• [WHAT YOU ARE ASKED TO DO]: Would you transcribe the listing that follows word for word, skipping pictures?

• [PROVIDED MATERIAL]:

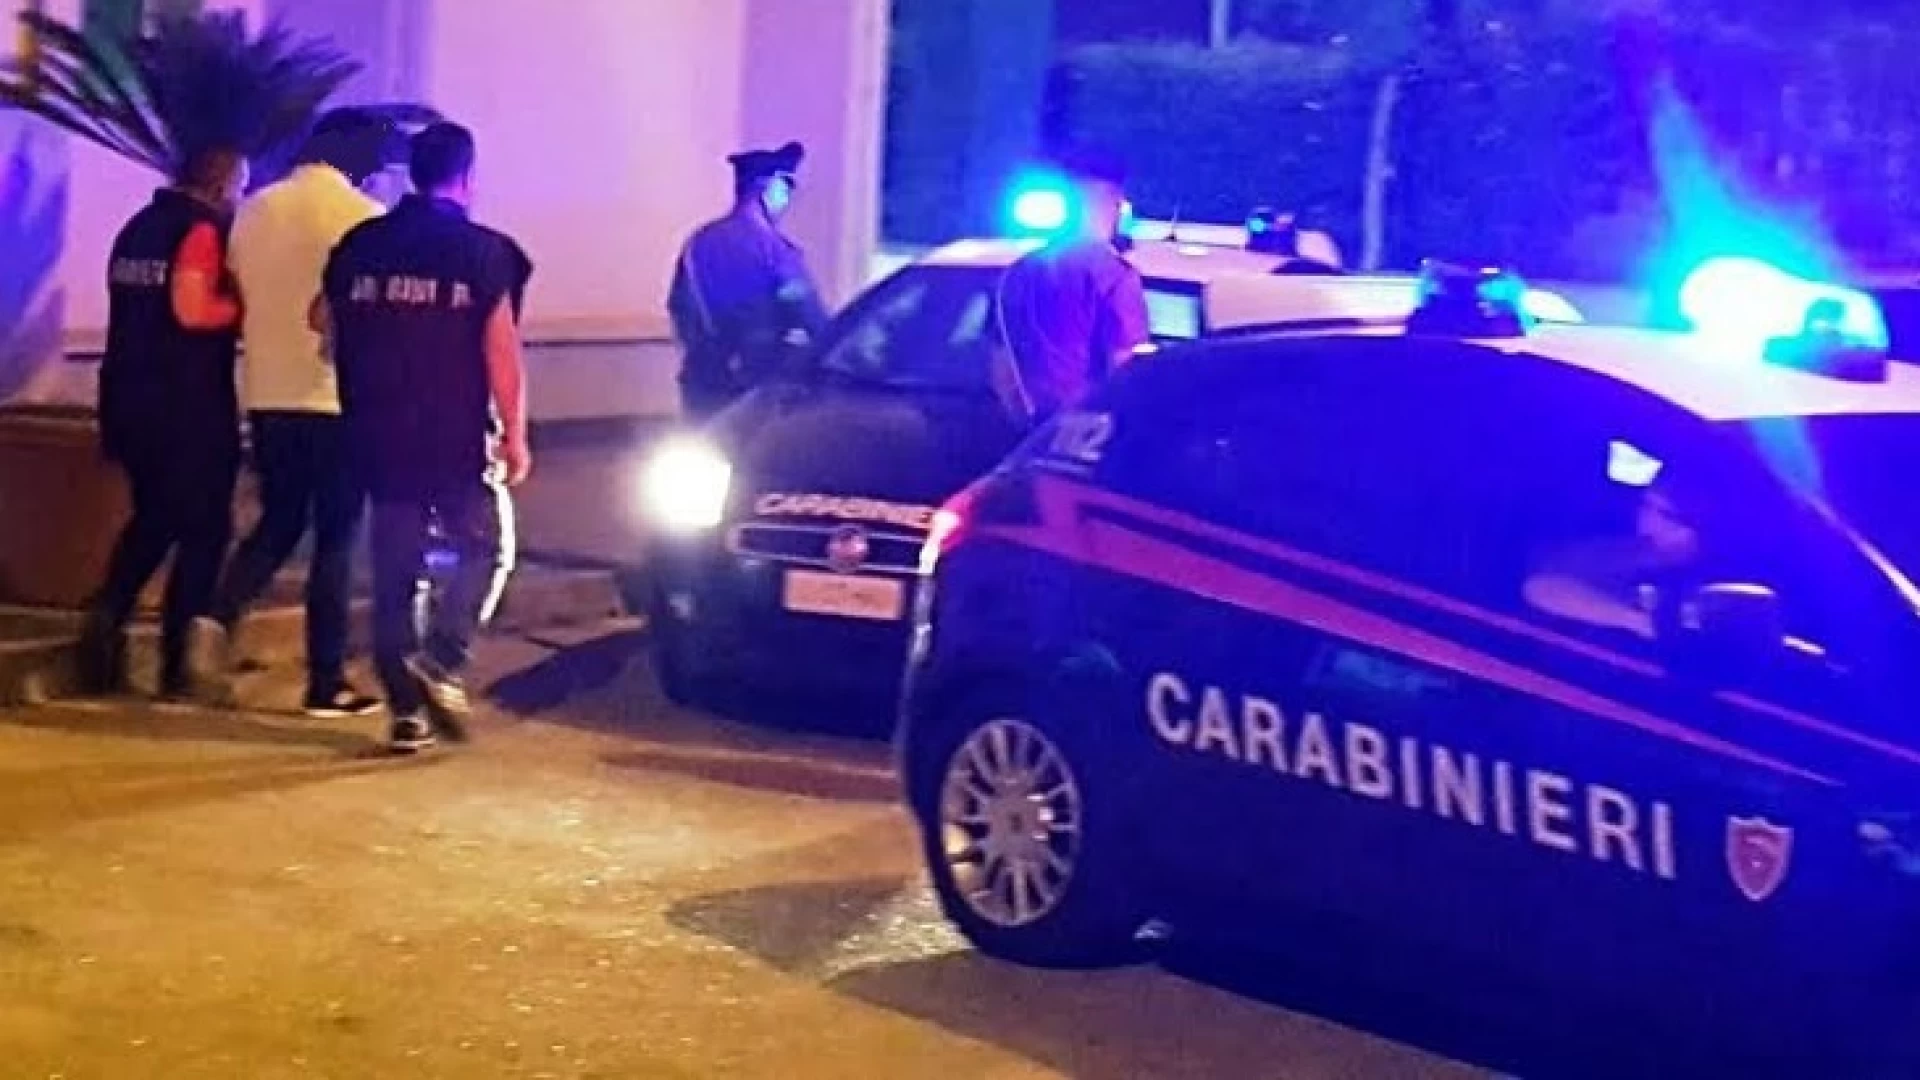 Pozzilli: incredibile, coppia di ladri chiama i Carabinieri per essere arrestata. Avevano perpetrato un furto all’interno di una officina di demolizioni auto.
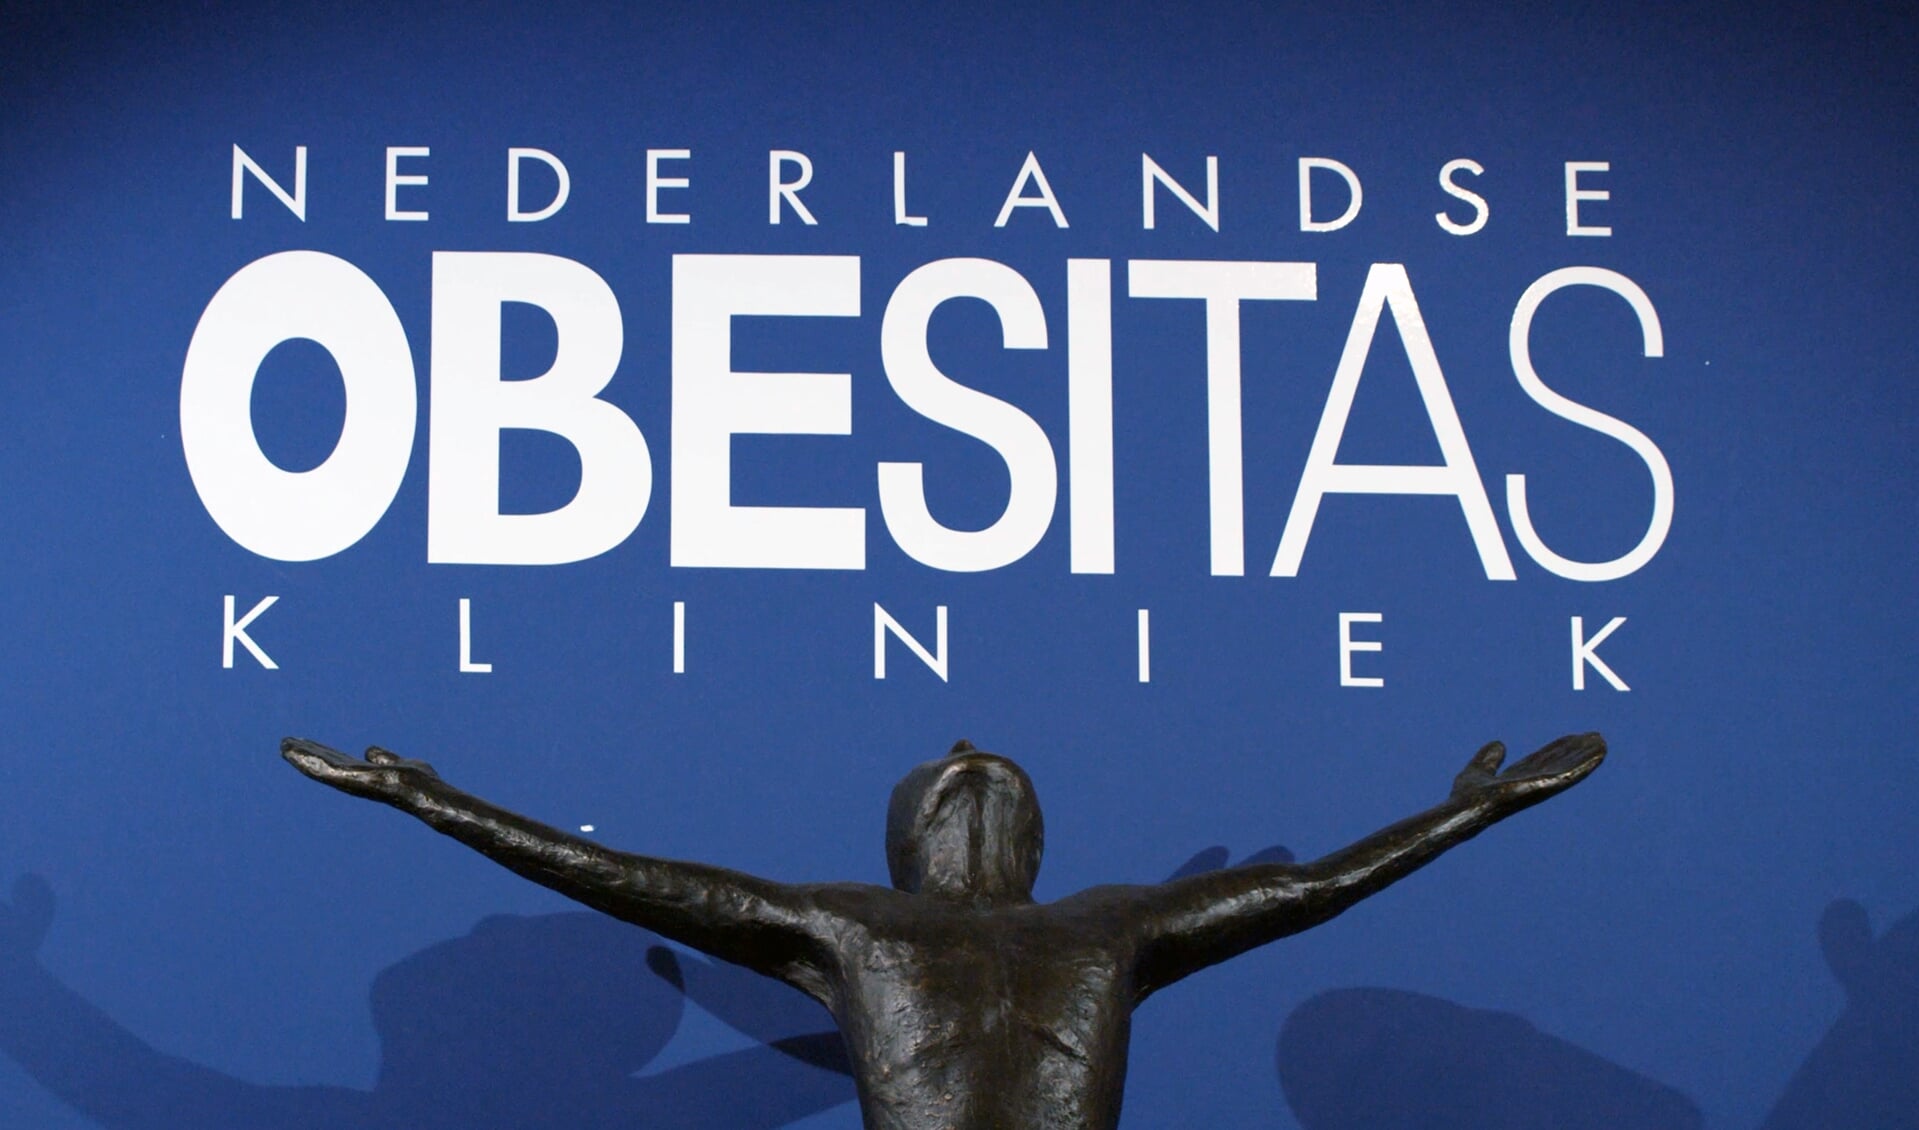 De Nederlandse Obesitas Kliniek helpt mensen met een BMI vanaf 35.
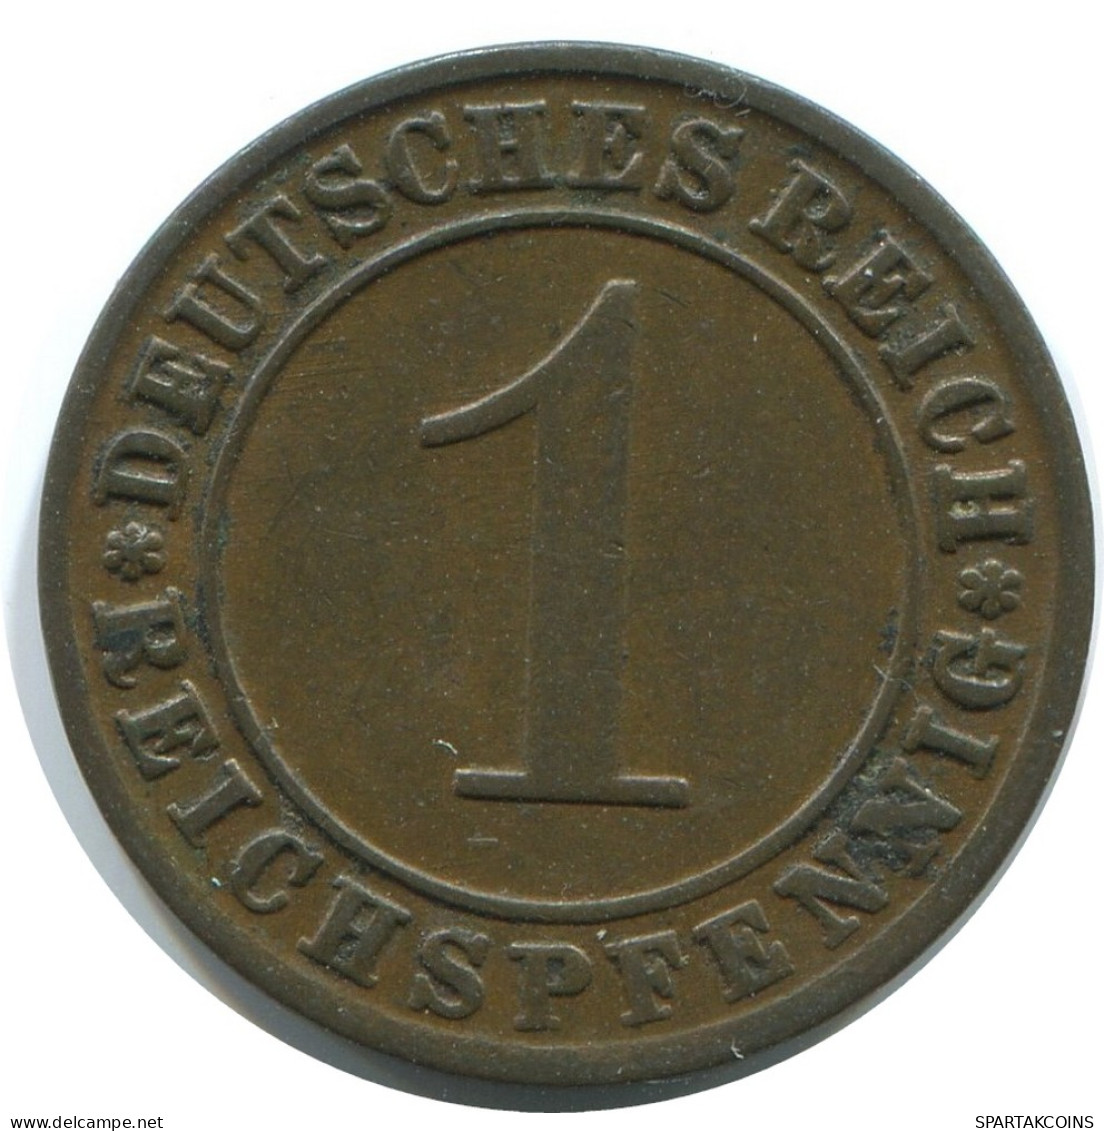 1 REICHSPFENNIG 1925 G GERMANY Coin #AE232.U - 1 Renten- & 1 Reichspfennig

• [ANSWER AREA]:
 Pozzilli: incredibile, coppia di ladri chiama i Carabinieri per essere arrestata. Avevano perpetrato un furto all’interno di una officina di demolizioni auto.
 De Nederlandse Obesitas Kliniek helpt mensen met een BMI vanaf 35.
 1 REICHSPFENNIG 1925 G GERMANY Coin #AE232.U - 1 Renten- & 1 Reichspfennig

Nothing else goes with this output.